Your objective | Lines from the one containing "2PCS 5-Tier Ladder" through the final line of the data, restated word for word and free of pictures, make up the whole answer.

□ □ □ □ □

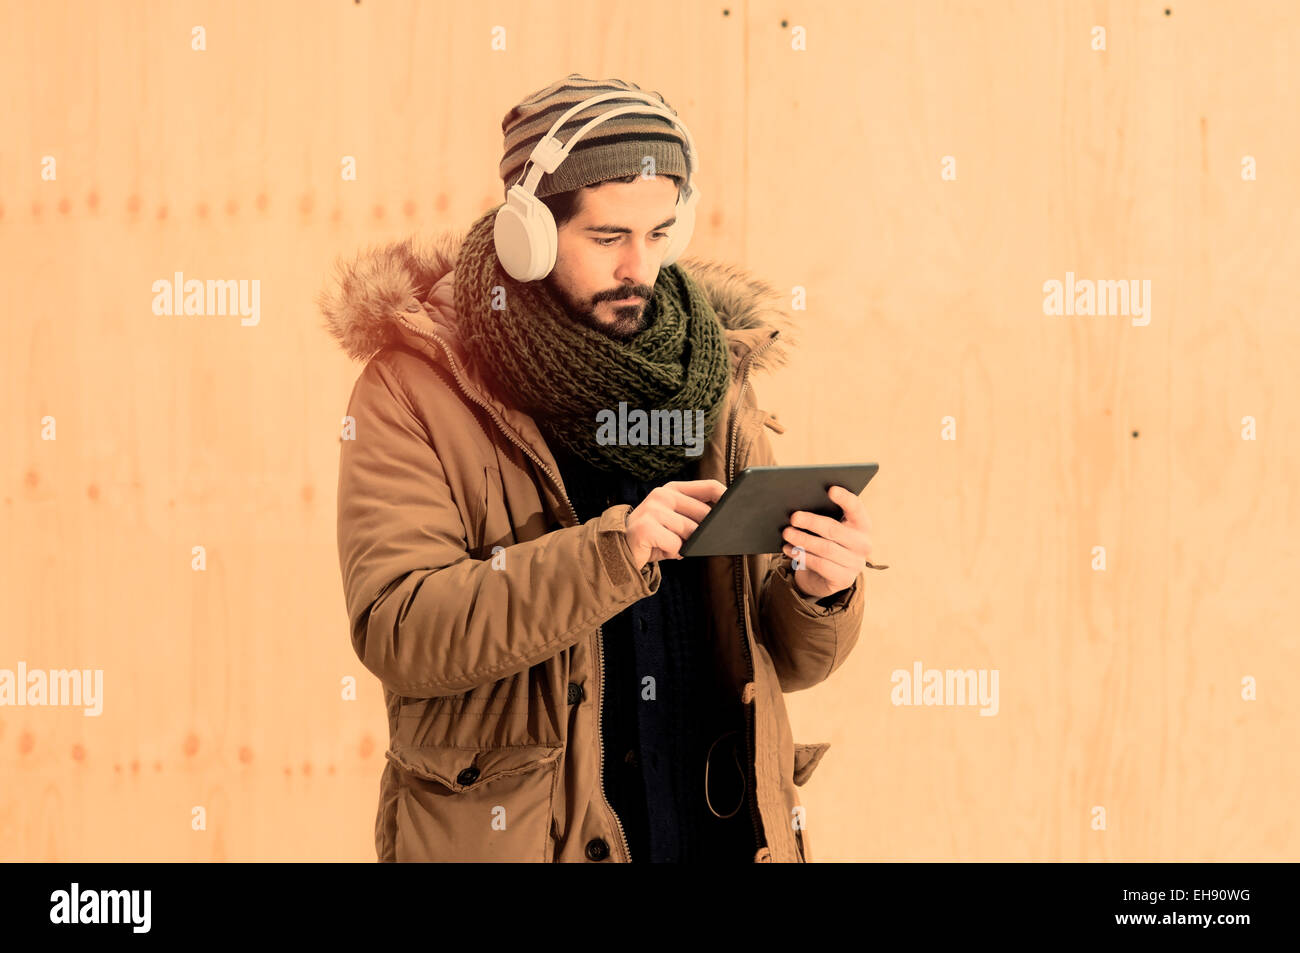 junger Mann hält eine Tablette in städtischen im Freieneinstellung Warmton-Filter angewendet Stockfoto
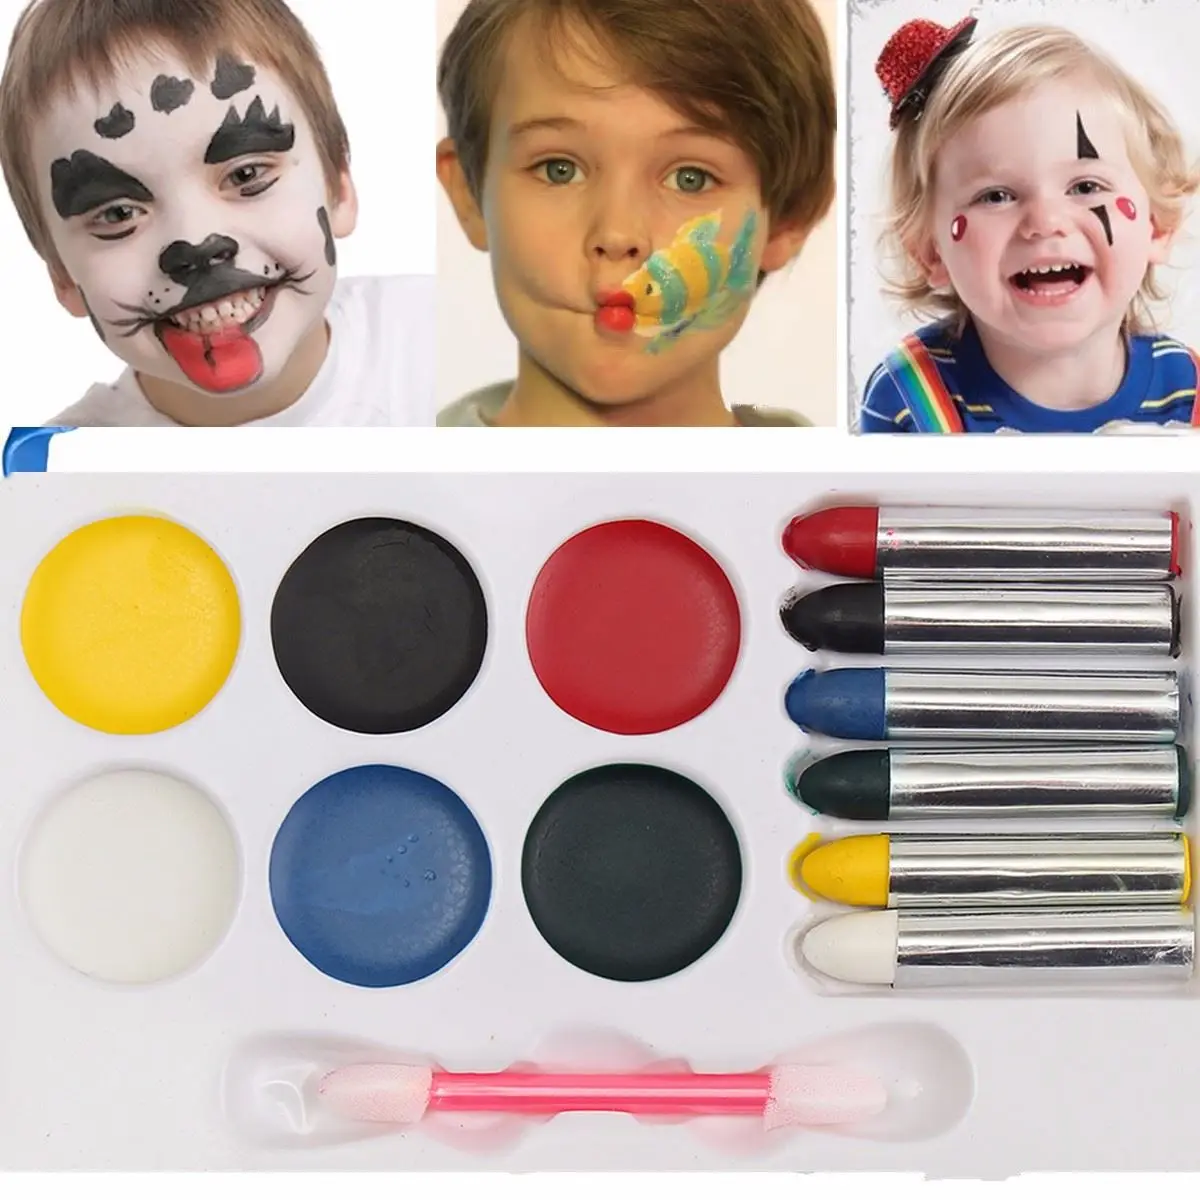 Face paint перевод. Набор красок Аква Гримм профессиональный. Грим на лице для детей. Грим на лице красками. Грим для детей краски.
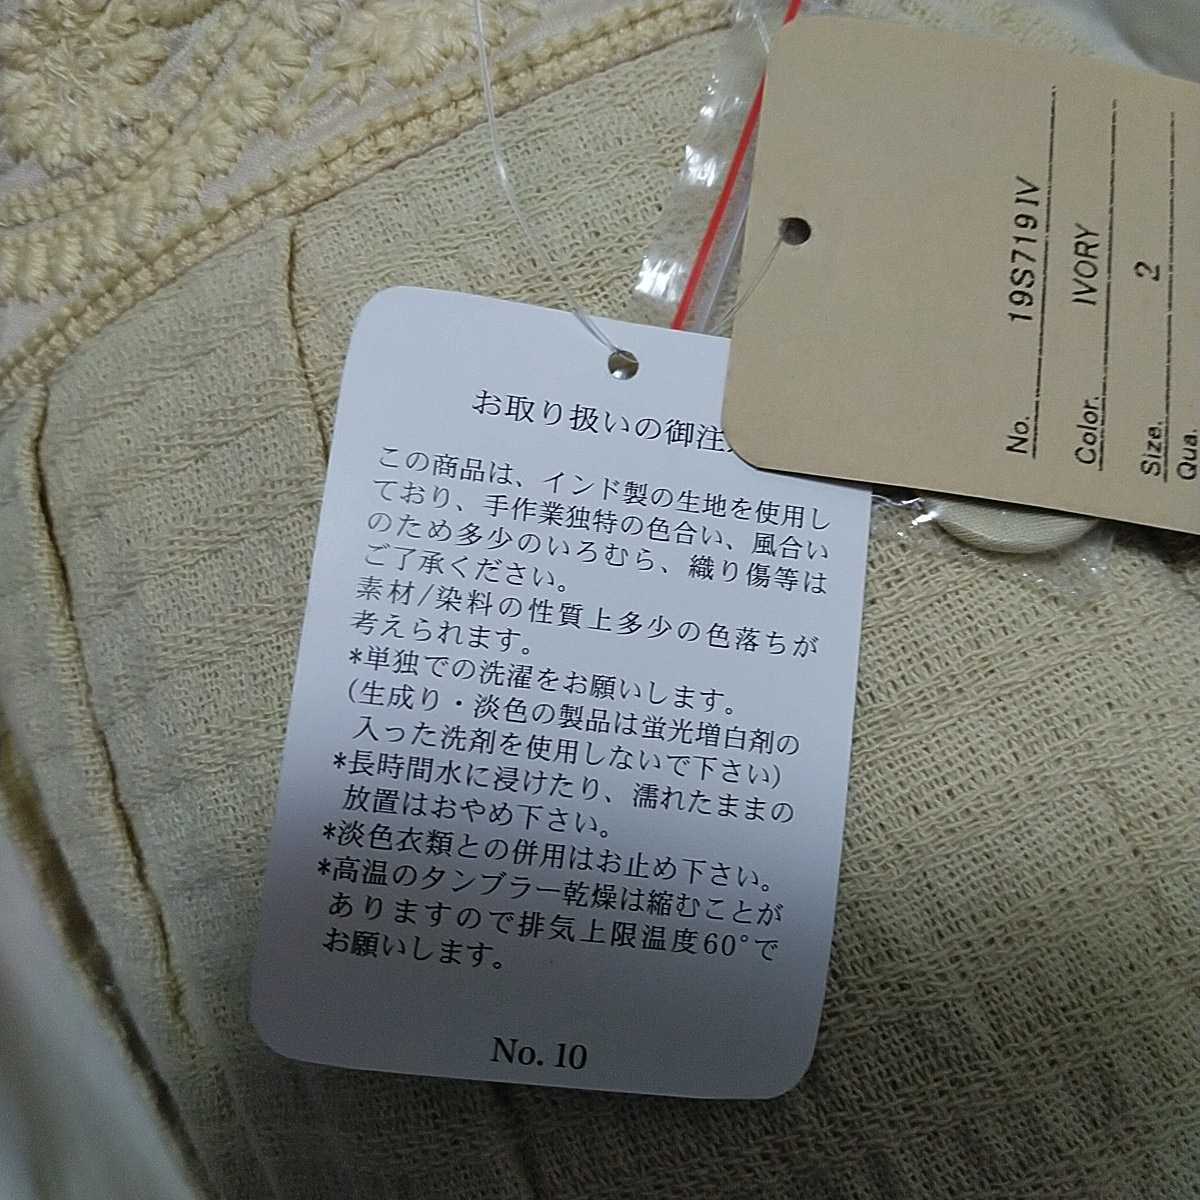 東京かんかん 綿100％ ジャカード素材 ロングセミタイトスカート ウエストベルト 豪華刺繍 裏地付き フリーサイズ 税込10450円が1200円_アテンションタグ等は付いていません。
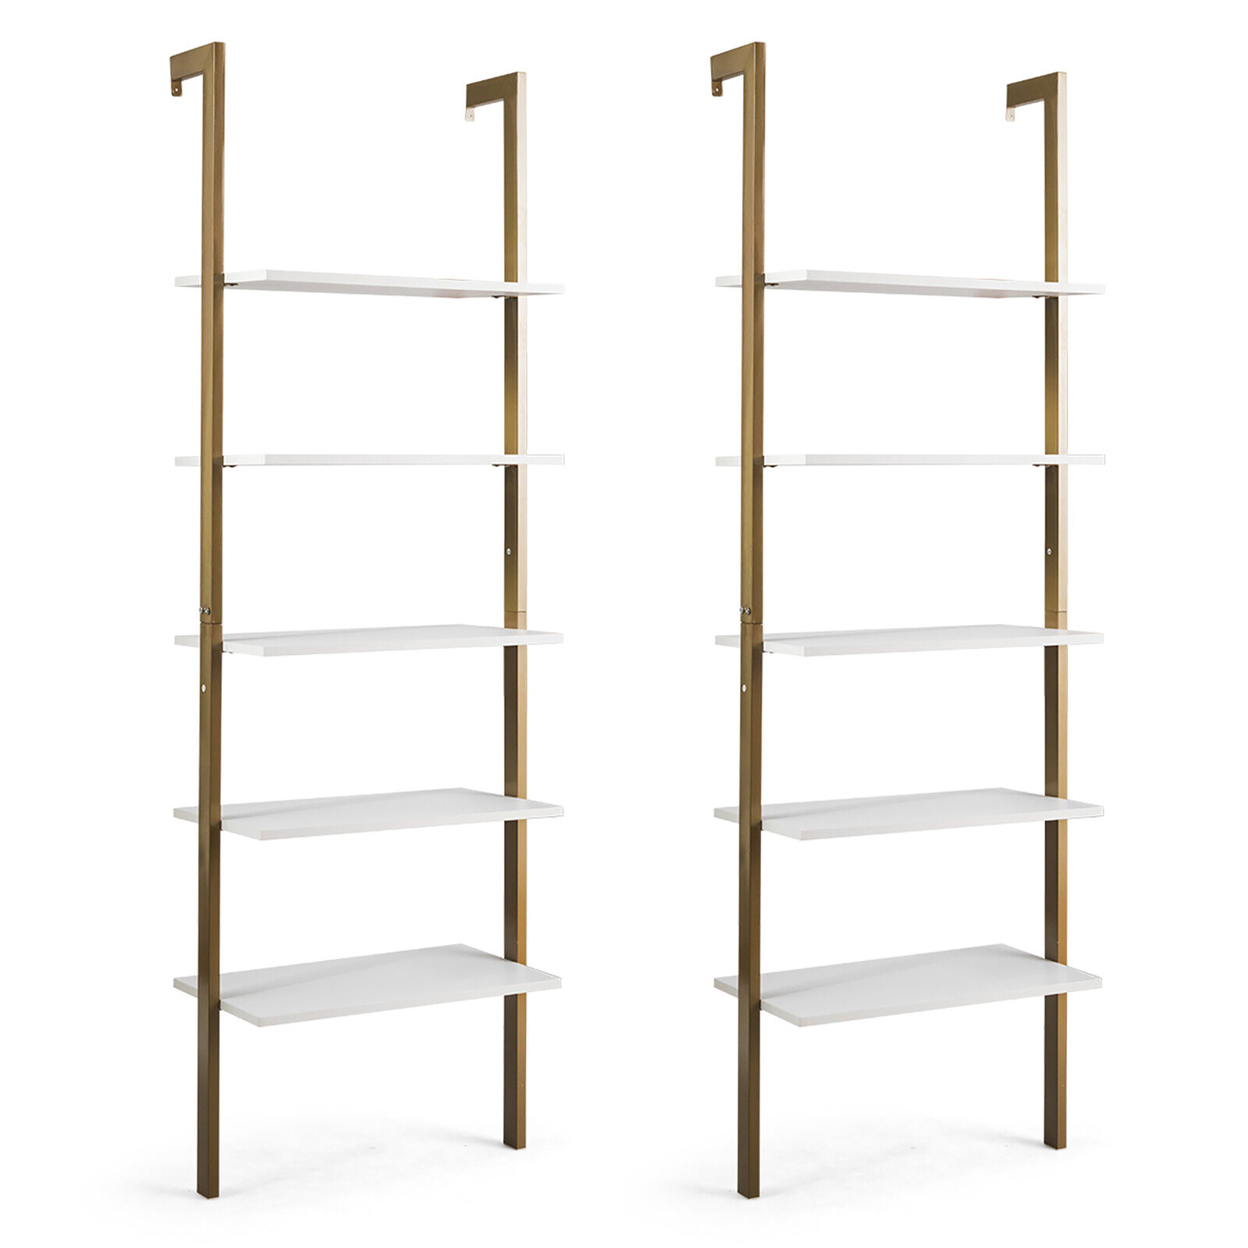 2PCS 5-Tier Ladder Shelf Wood Wall Mounted Display Bookshelf Metal Frame - White, Gold
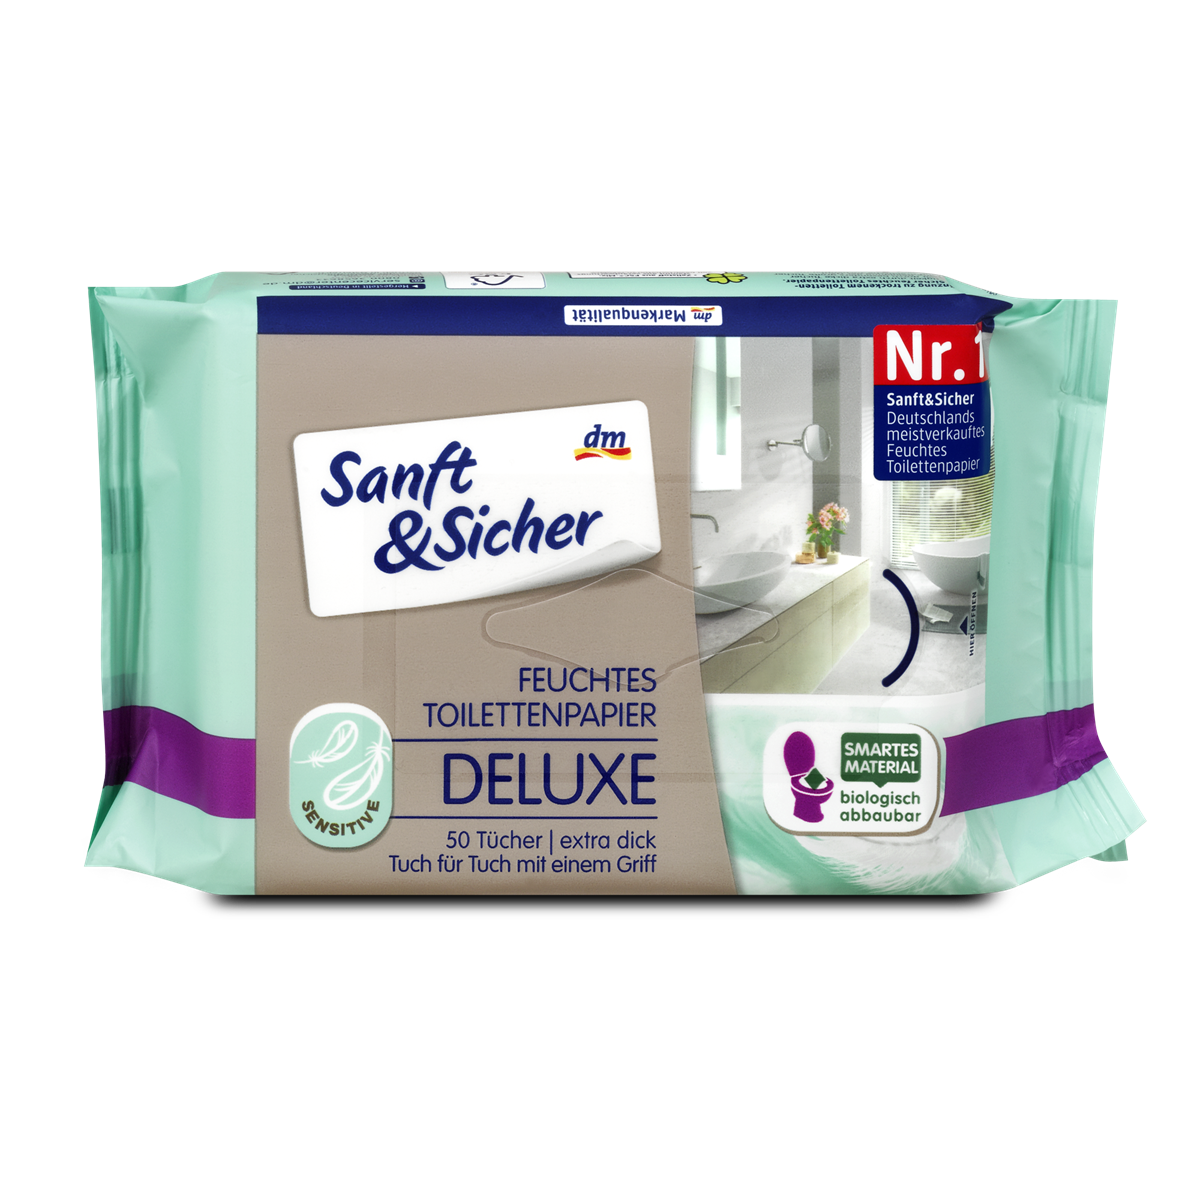 Sanft&Sicher Feuchtes Toilettenpapier Deluxe Sensitive 50 Stk. 1,25 €
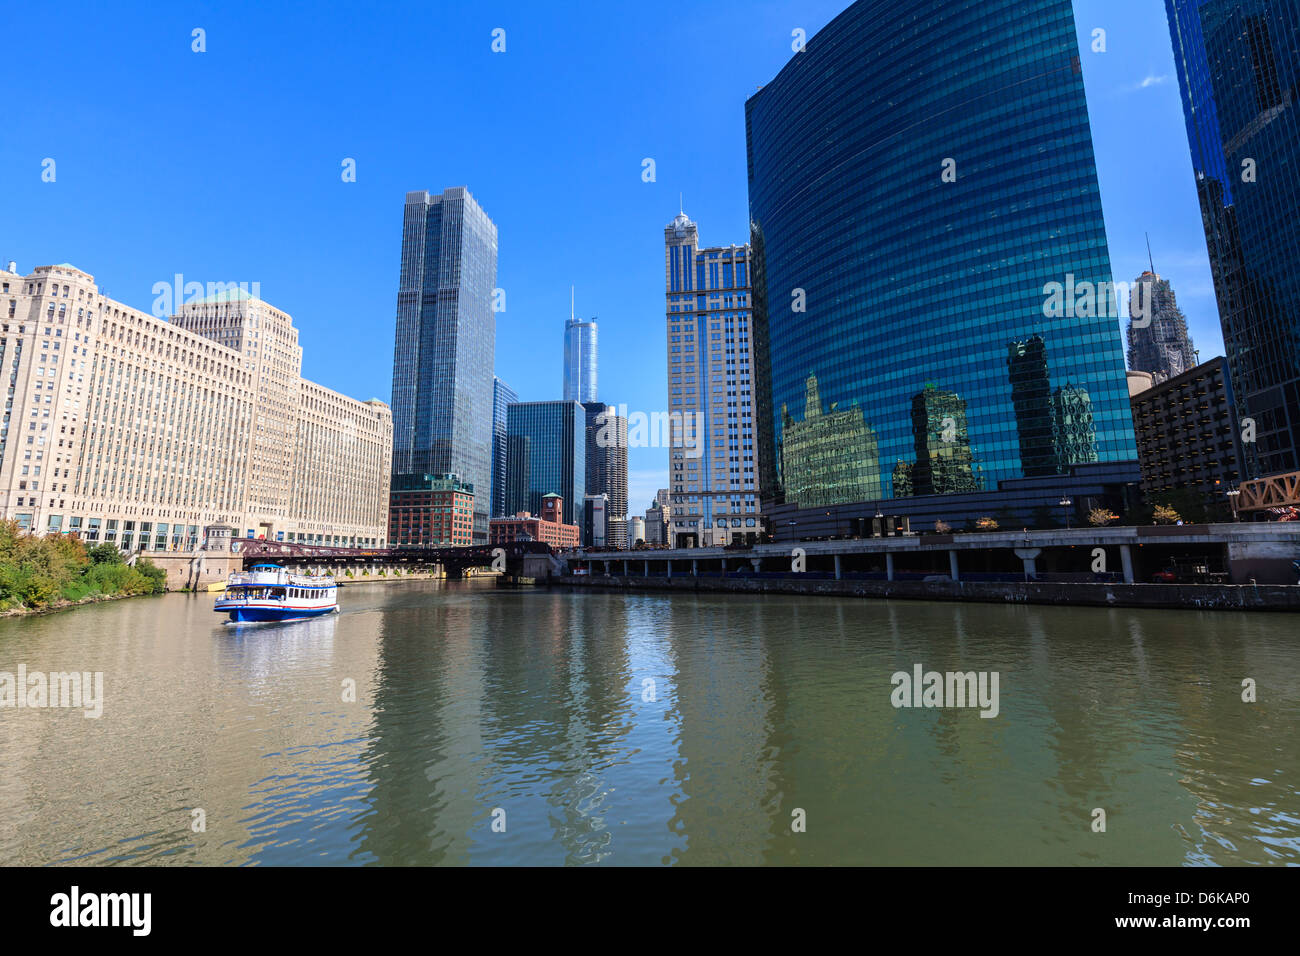 Chicago River, The Merchandise Mart auf der linken Seite und 333 Wacker Drive Gebäude auf der rechten Seite, Chicago, Illinois, USA Stockfoto

□ □ □ □ □

Result for this task |
 2PCS 5-Tier Ladder Shelf Wood Wall Mounted Display Bookshelf Metal Frame - White, Gold
 Sanft&Sicher Feuchtes Toilettenpapier Deluxe Sensitive 50 Stk. 1,25 €
 Chicago River, The Merchandise Mart auf der linken Seite und 333 Wacker Drive Gebäude auf der rechten Seite, Chicago, Illinois, USA Stockfoto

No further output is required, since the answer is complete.